- WHAT THIS TASK INVOLVES
Your copy should contain exactly the lines from the one that holds "Oscar Jaime Ospina" through the end of the material, reproduced as written, with no pictures.

----- SUPPLIED INFORMATION

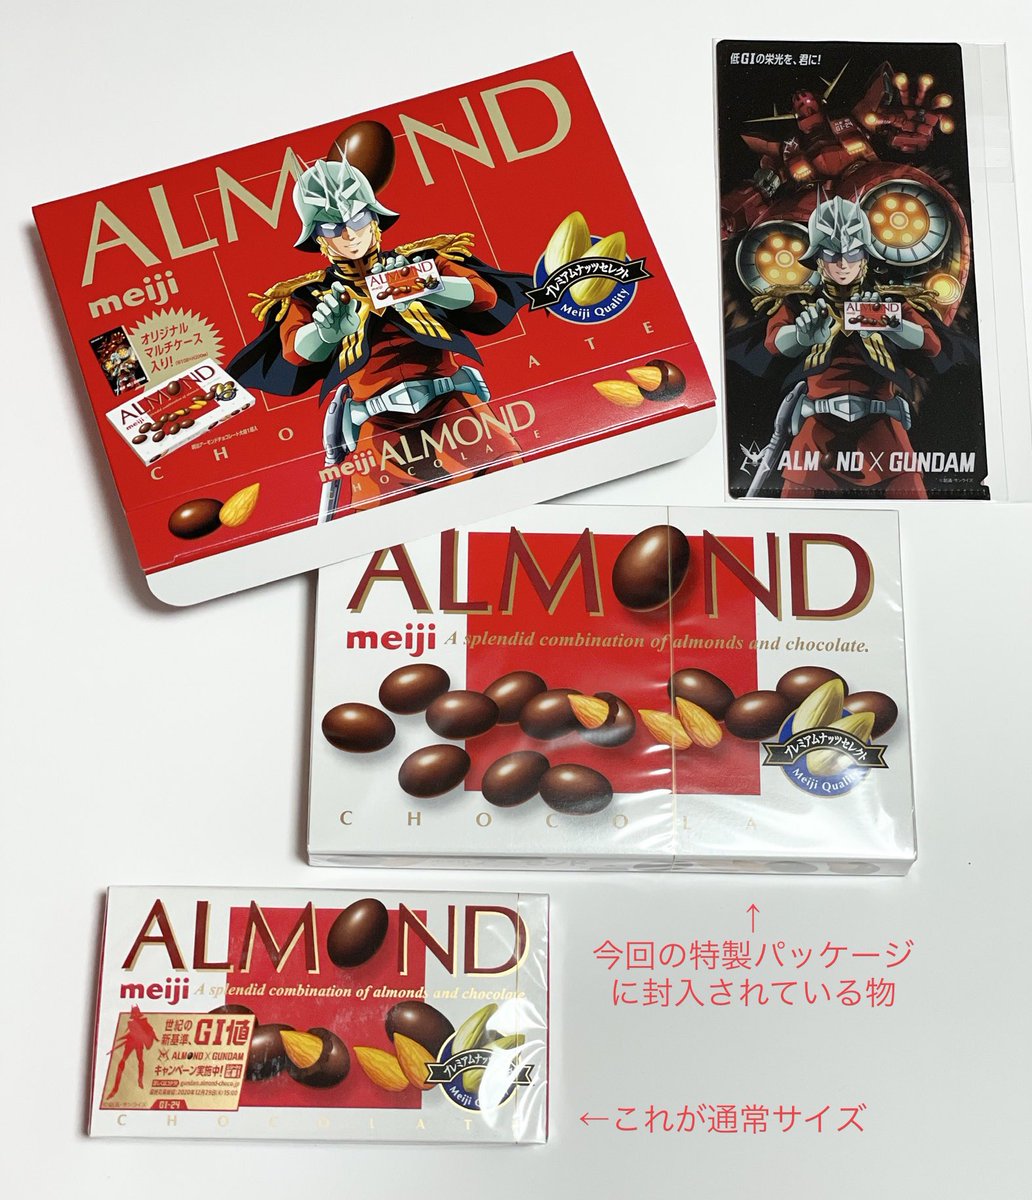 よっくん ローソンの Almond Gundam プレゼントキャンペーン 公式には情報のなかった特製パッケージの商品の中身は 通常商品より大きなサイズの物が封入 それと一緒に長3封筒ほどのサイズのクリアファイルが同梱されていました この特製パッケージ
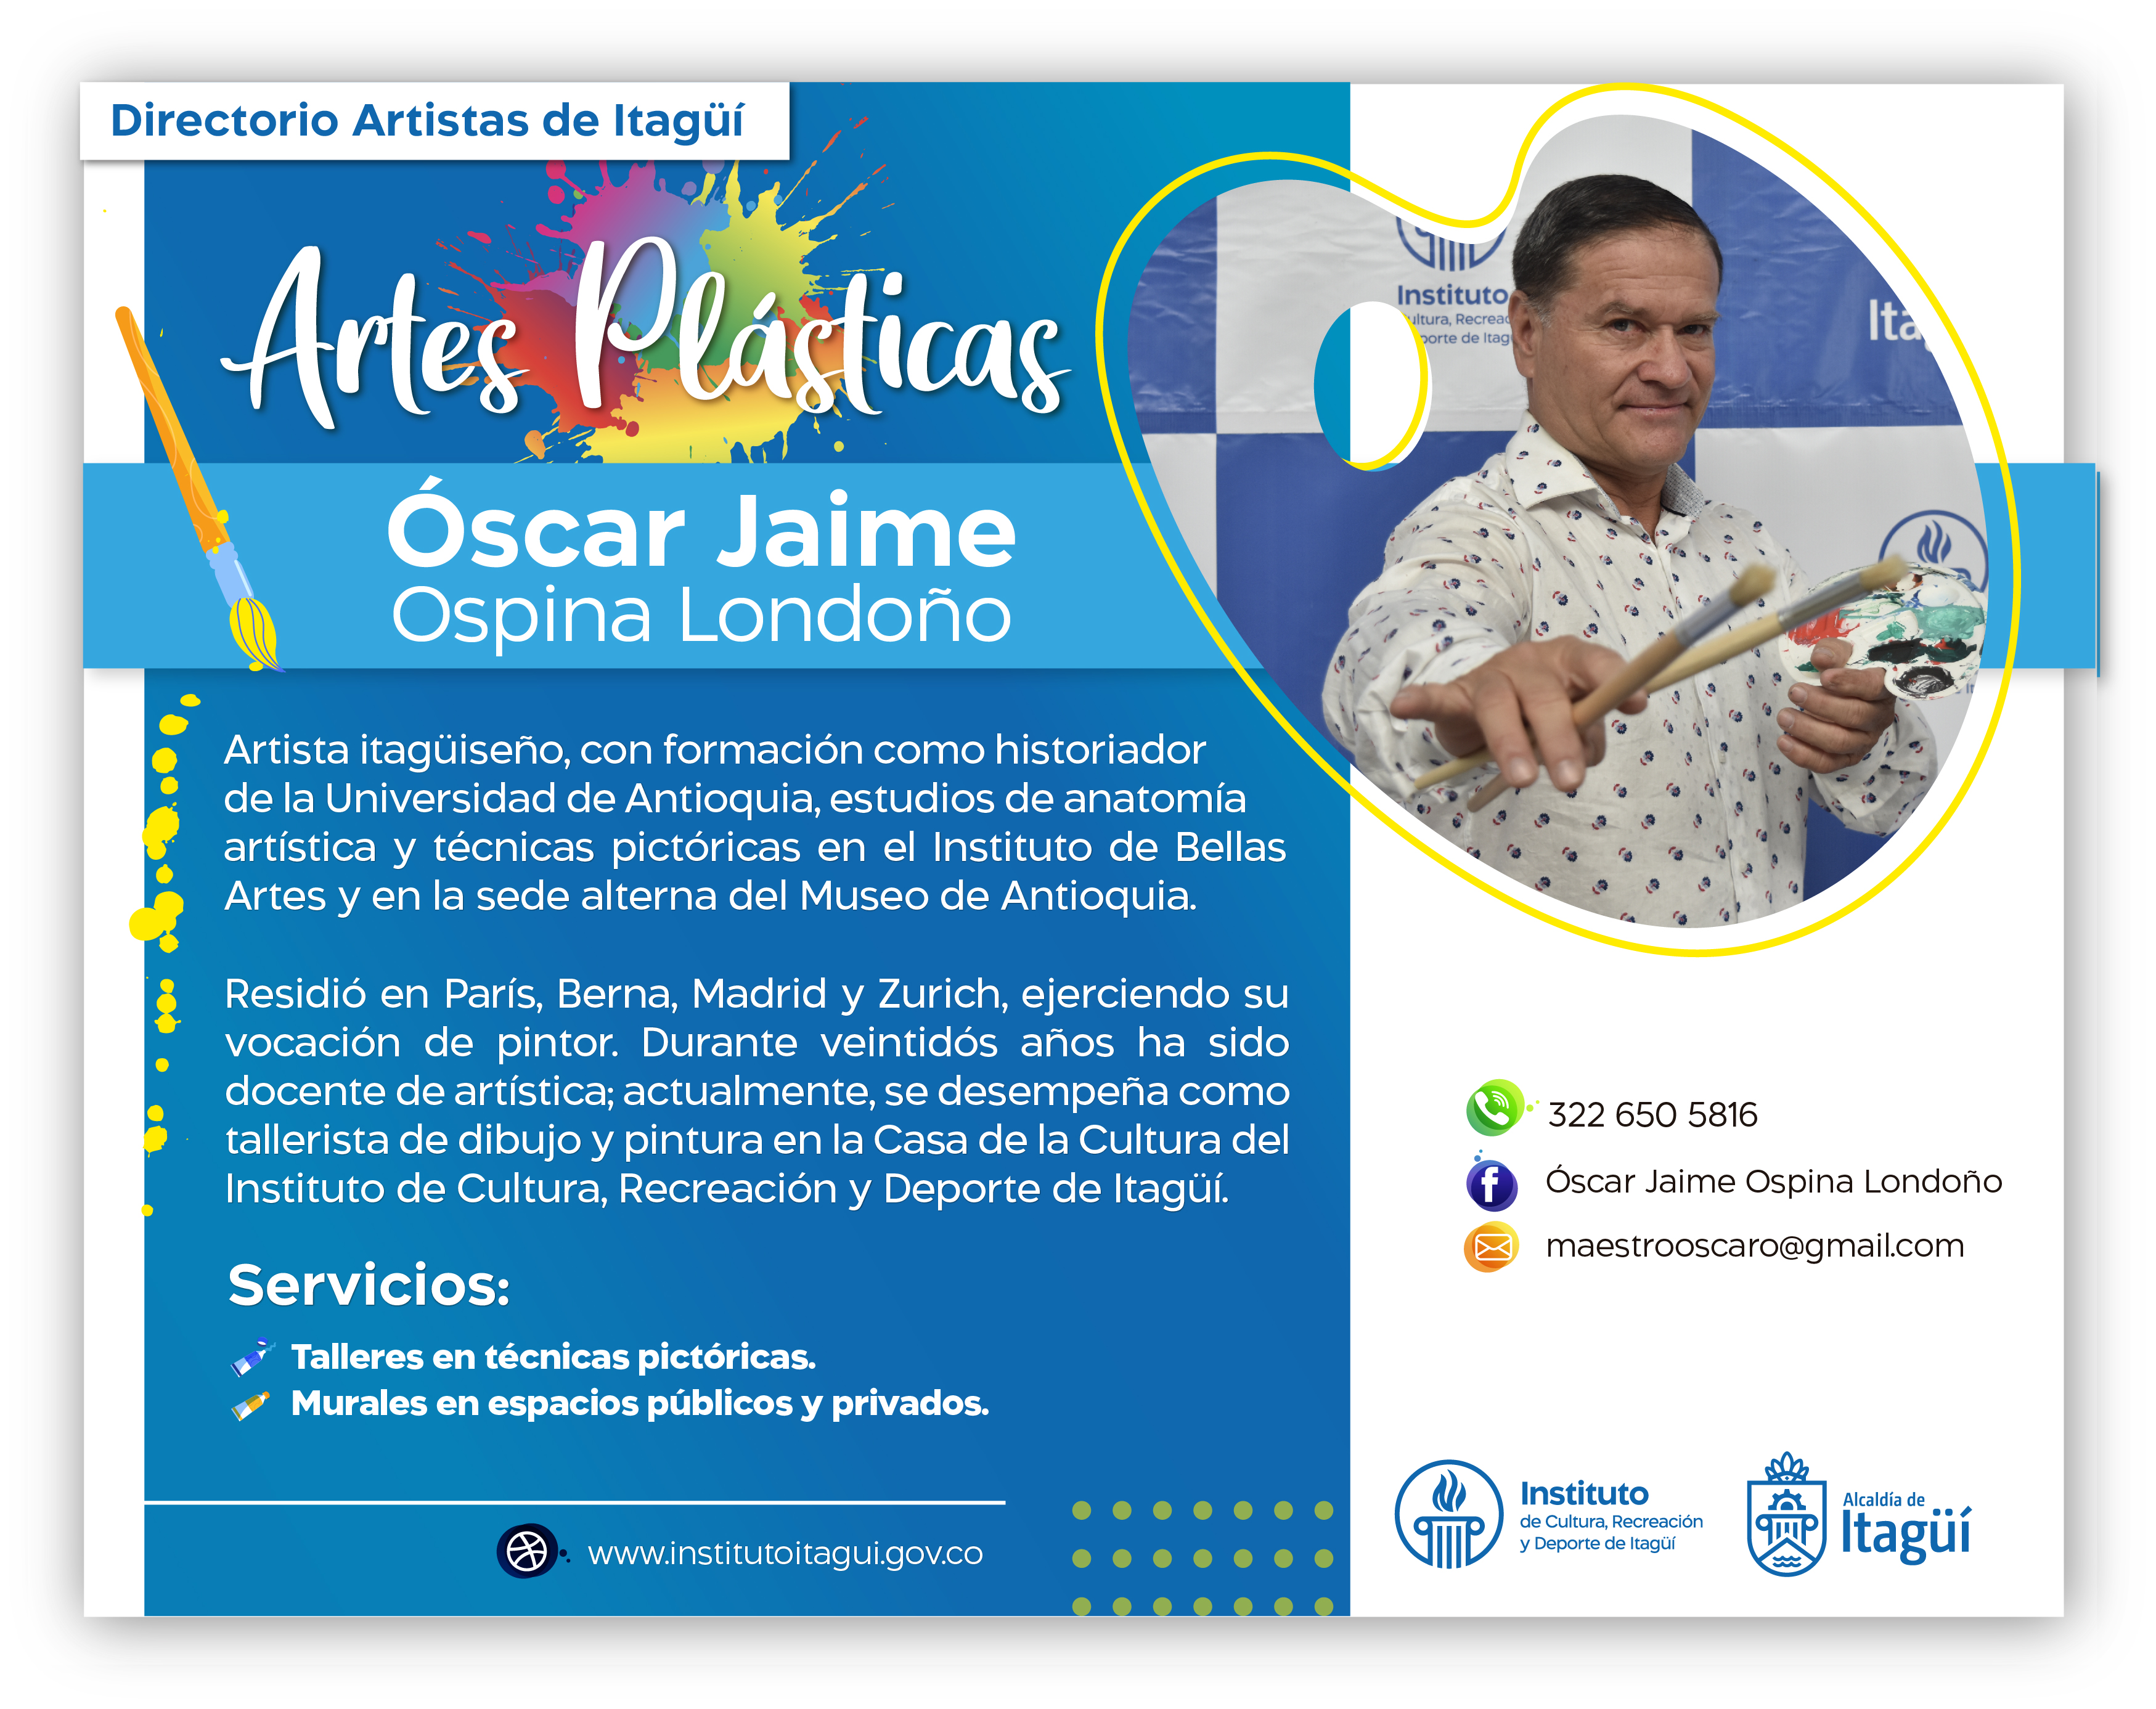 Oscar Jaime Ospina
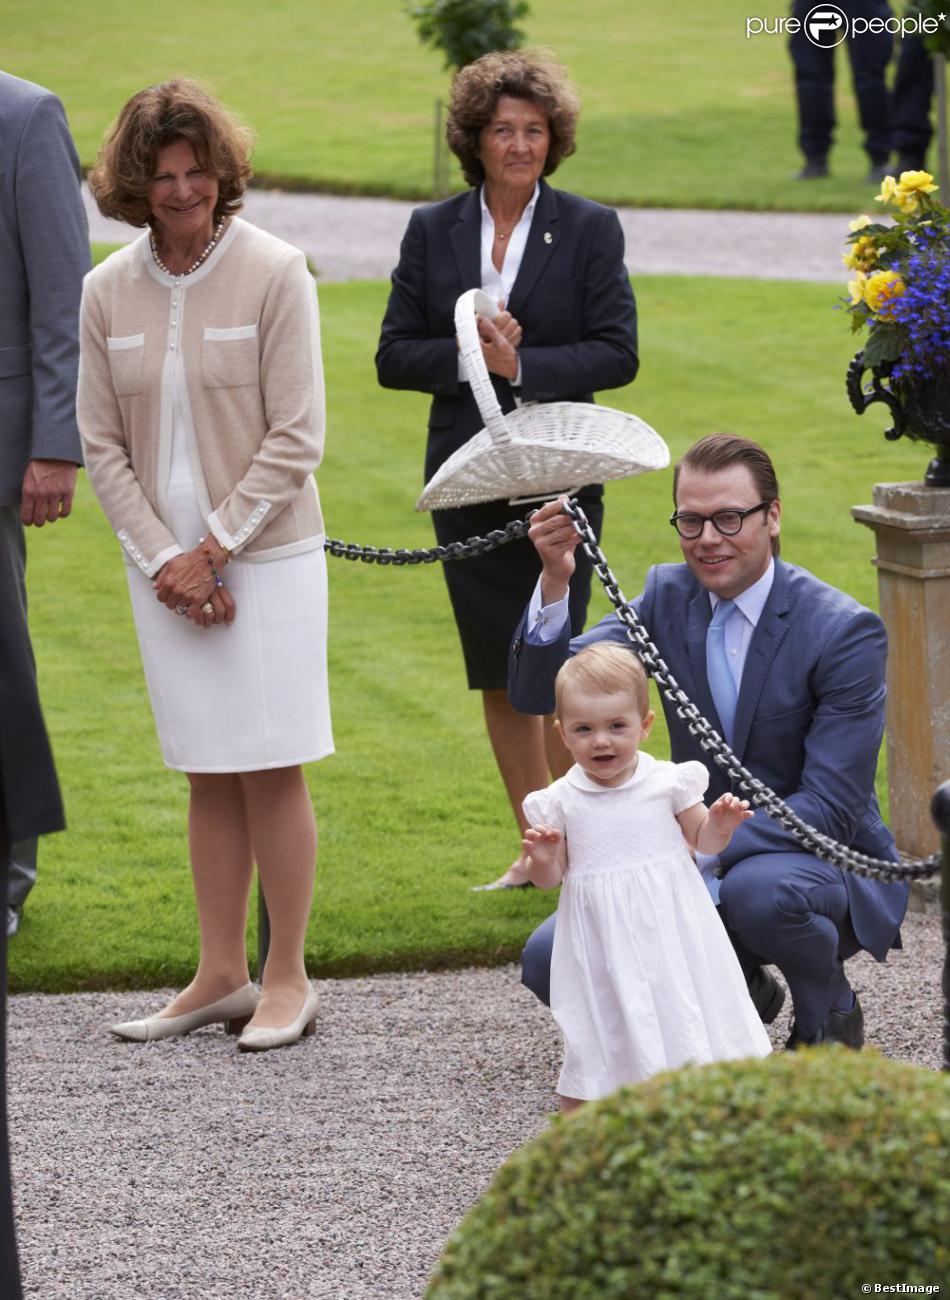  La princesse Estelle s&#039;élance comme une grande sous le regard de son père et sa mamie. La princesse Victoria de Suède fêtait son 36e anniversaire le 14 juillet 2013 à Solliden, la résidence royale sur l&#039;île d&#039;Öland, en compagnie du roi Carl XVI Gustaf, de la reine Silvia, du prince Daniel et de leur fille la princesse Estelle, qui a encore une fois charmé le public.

----------

- SOLUTION TO THIS TASK
 Oscar Jaime Ospina
  La princesse Estelle s&#039;élance comme une grande sous le regard de son père et sa mamie. La princesse Victoria de Suède fêtait son 36e anniversaire le 14 juillet 2013 à Solliden, la résidence royale sur l&#039;île d&#039;Öland, en compagnie du roi Carl XVI Gustaf, de la reine Silvia, du prince Daniel et de leur fille la princesse Estelle, qui a encore une fois charmé le public.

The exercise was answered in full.